Patrząc na ubiegły rok, w trzecim i czwartym kwartale, Tesla wydała łącznie 6,3 mld dolarów na zakupy nieruchomości i sprzętu zgodnie z jej sprawozdaniami z przepływów pieniężnych. Tymczasem w bilansie wartość brutto jej aktywów wzrosła tylko o 4,9 mld dol. w tym okresie – do 51 mld dol.. Gdzieś zniknęło 1,4 mld dol. – zauważa Financial Times (FT).
Taka sytuacja w księgowości oczywiście może się zdarzyć, chociaż w większości przypadków wartość nakładów inwestycyjnych spółki ściśle odpowiada wzrostowi brutto jej majątku. Różnice mogą tutaj powstać w skutek np. nagłej sprzedaż jakiejś nieruchomości, niespodziewanej utraty wartości aktywów lub zmian kursów walut. Financial Times (FT) podkreśla jednak, że Tesla nie raportowała niczego, co mogłoby tłumaczyć aż taką różnicę pomiędzy nakładami inwestycyjnymi a wartością majątku w bilansie.
FT pisze też o innych nie do końca zrozumiałych działaniach finansowo-księgowych amerykańskiej spółki. Tesli twierdzi np., że ma 37 mld dol. w gotówce, a mimo to w zeszłym roku jej dług wzrósł o 6 mld. dol. Takie rzeczy też oczywiście się zdarzają, ale nie jest to działanie optymalne.
Finanse Tesli. Dlaczego nie wypłaca dywidendy?
Autorzy raportu w FT zwracają na koniec uwagę na to, że Tesla nie oferuje wykupu akcji ani dywidendy, pomimo że w zeszłym roku deklarowała przepływy pieniężne z działalności operacyjnej w wysokości aż 15 mld dol., co jest kwotą wyższą od jej inwestycji.
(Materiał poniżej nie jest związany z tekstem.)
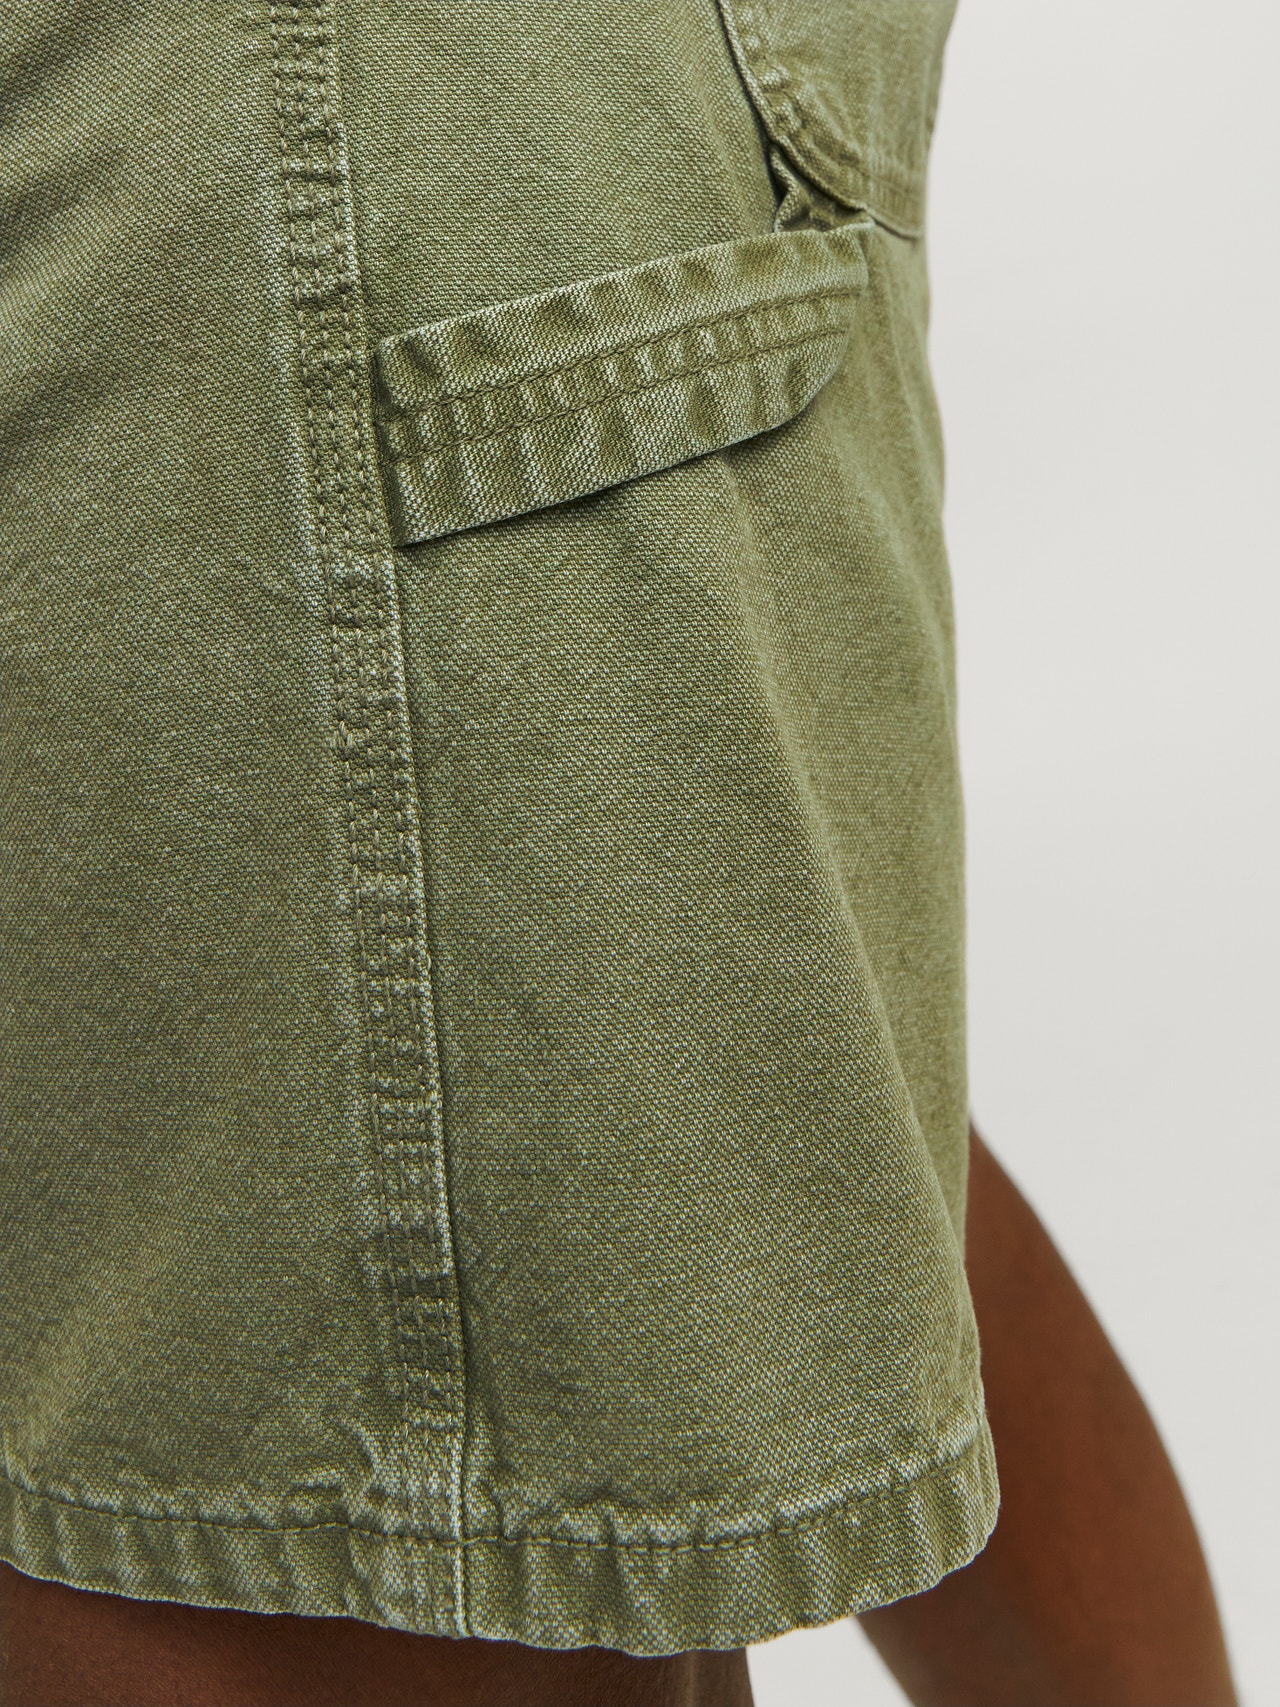 Jack & Jones Loose Fit Jeans Shorts -Deep Lichen Green - 12252814

Takie postępowanie jest rzadkie w przypadku dużych firm i stawia Teslę w bardzo małym klubie, do którego należy m.in chiński Temu.
Cytowany w artykule FT Jacek Welc, Jacek Welc, profesor finansów korporacyjnych na Uniwersytecie Nauk Stosowanych SRH w Berlinie, widzi podobieństwa pomiędzy tymi niejasnościami w finansach Tesli do tych, które pojawiały się w trakcie dużych i głośnych skandali finansowych, w tym np. związanych z Wirecard lub NMC Health.
Zatem, gdzie zniknęło 1,4 mld dol.?
Foto: ChatGPT/AI.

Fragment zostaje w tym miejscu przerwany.